The Hebrew Monster reads the Former Prophets

The mischievous chicanery of the Hebrew monster has perhaps reached an apex. He has noted my pursuit of theological education and surreptitiously used my own resources against me. Over the last several months he has been clandestinely breaking into my study at night. During his fiendish nocturnal visits he has been pilfering the pages of my copy of the Hebrew Bible. He has taken his latest military tactic straight from the pages of Joshua. He has perused Joshua's conquest of Ai in Josh 8 and has commandeered the tactical maneuvers that he has observed there. Yes, he has maliciously executed a feigned retreat. A feigned retreat is the "act of faking a withdrawal or rout in order to lure an enemy away from a defended position or into a prepared ambush" that has been used by armies since ancient times (via).
Now, I have previously recounted a glorious victory over my arch nemesis during finals week of last semester. That encounter ended with him "bolting around the corner" after I had tamed his gargantuan spirit and bent his will to serve my purposes. Alas, as it turns out, this was only a seeming retreat. Just as Joshua instructed his men to pretend to flee before their enemies, only to turn on them at the critical moment, so too the Hebrew monster has drawn me out of the city and away from my defense system. The first semester he pretended to fall helplessly at my feet in shame and sorrow. I could successfully predict his vocabulary questions, his parsing riddles and his syntactical queries. Even into this semester, I could track with the tense stems and parsing guides. What I didn't know was that this was all part of his wretched plan to slay me with weak and irregular verbs. I had taken his bait. He had won this round.

I now stand miles from the city watching the smoke billow toward the heavens. In my hubris, I thought that I could vanquish my ancient foe in the middle of my second semester. I was mistaken. Nevertheless, the stakes have been raised. I have detected a fatal flaw in his methodology.

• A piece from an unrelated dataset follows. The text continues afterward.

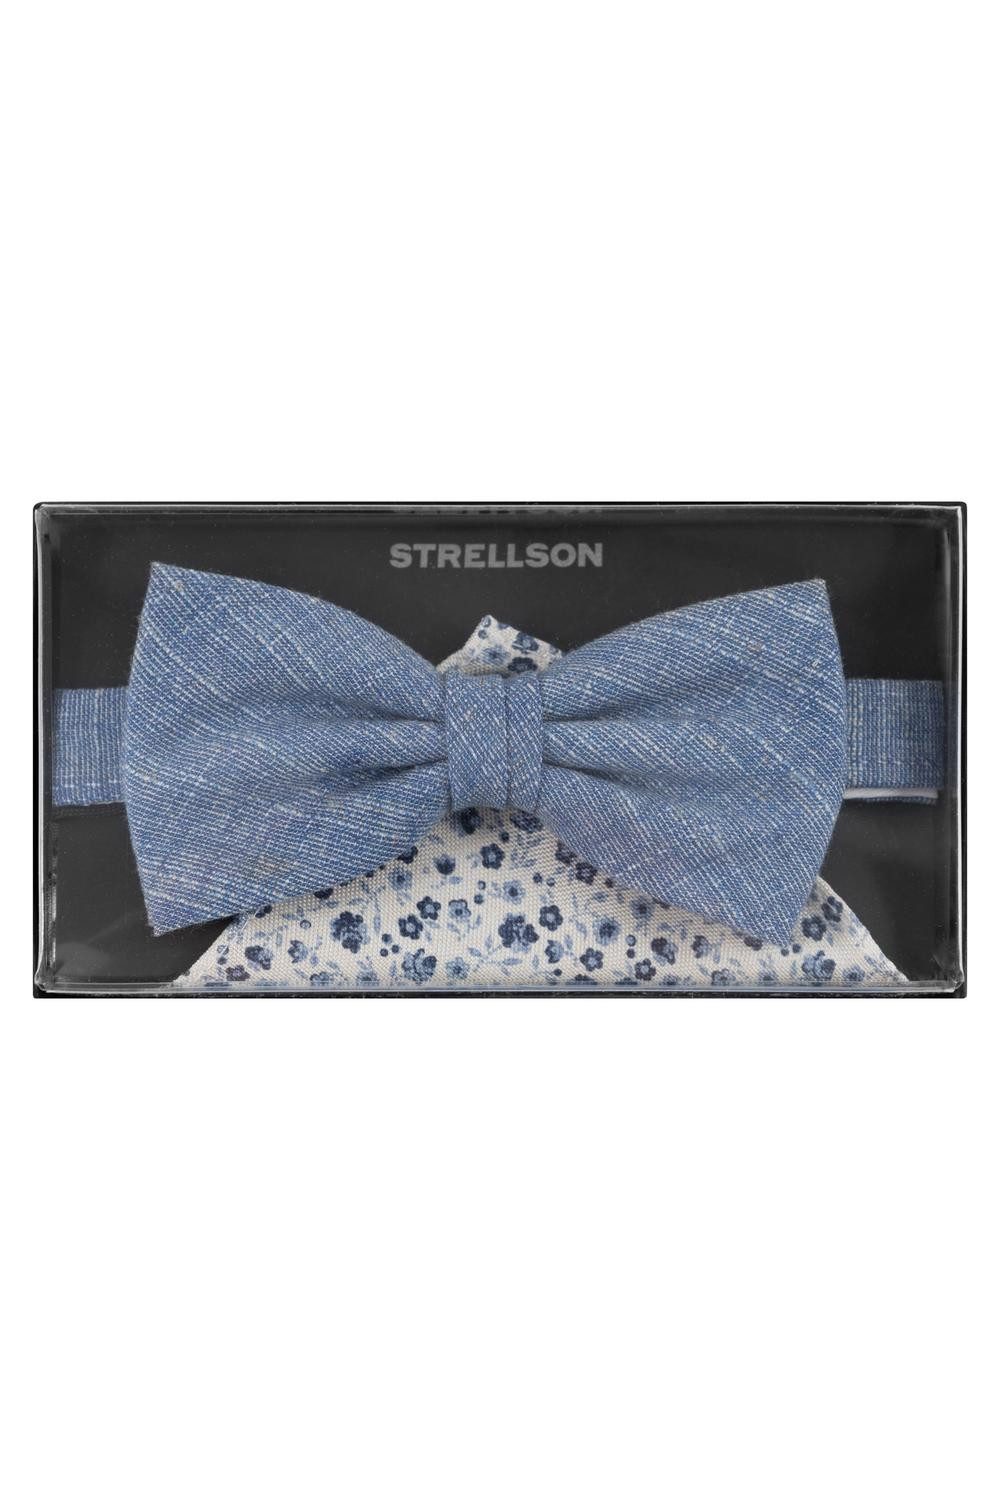 Strellson Krawatte 11 SET_2 10015707

The Hebrew Monster has attempted to beat me by hastily contextualizing a Old Testament passage with little regard for its original context in order to use it to serve his own malice driven interpretive end. He has used historical-critical method to lift the forms and source materials behind the event of the Joshua narrative. The hermeneutic of the Hebrew Monster will be his final downfall. He has failed to see that the meaning of the Joshua narrative lies within the text. Canonically, the Joshua battle narratives reveal that Joshua's power in battle clearly comes from the fact that the "Lord was with [him]" rather than his military ingenuity (Josh 6:27). Therefore, though the aforementioned semantic situation is dim, there is still hope that the Hebrew Monster will fall by the tip of the sword in my lifetime.

To this hope I prayerfully and tenaciously cling.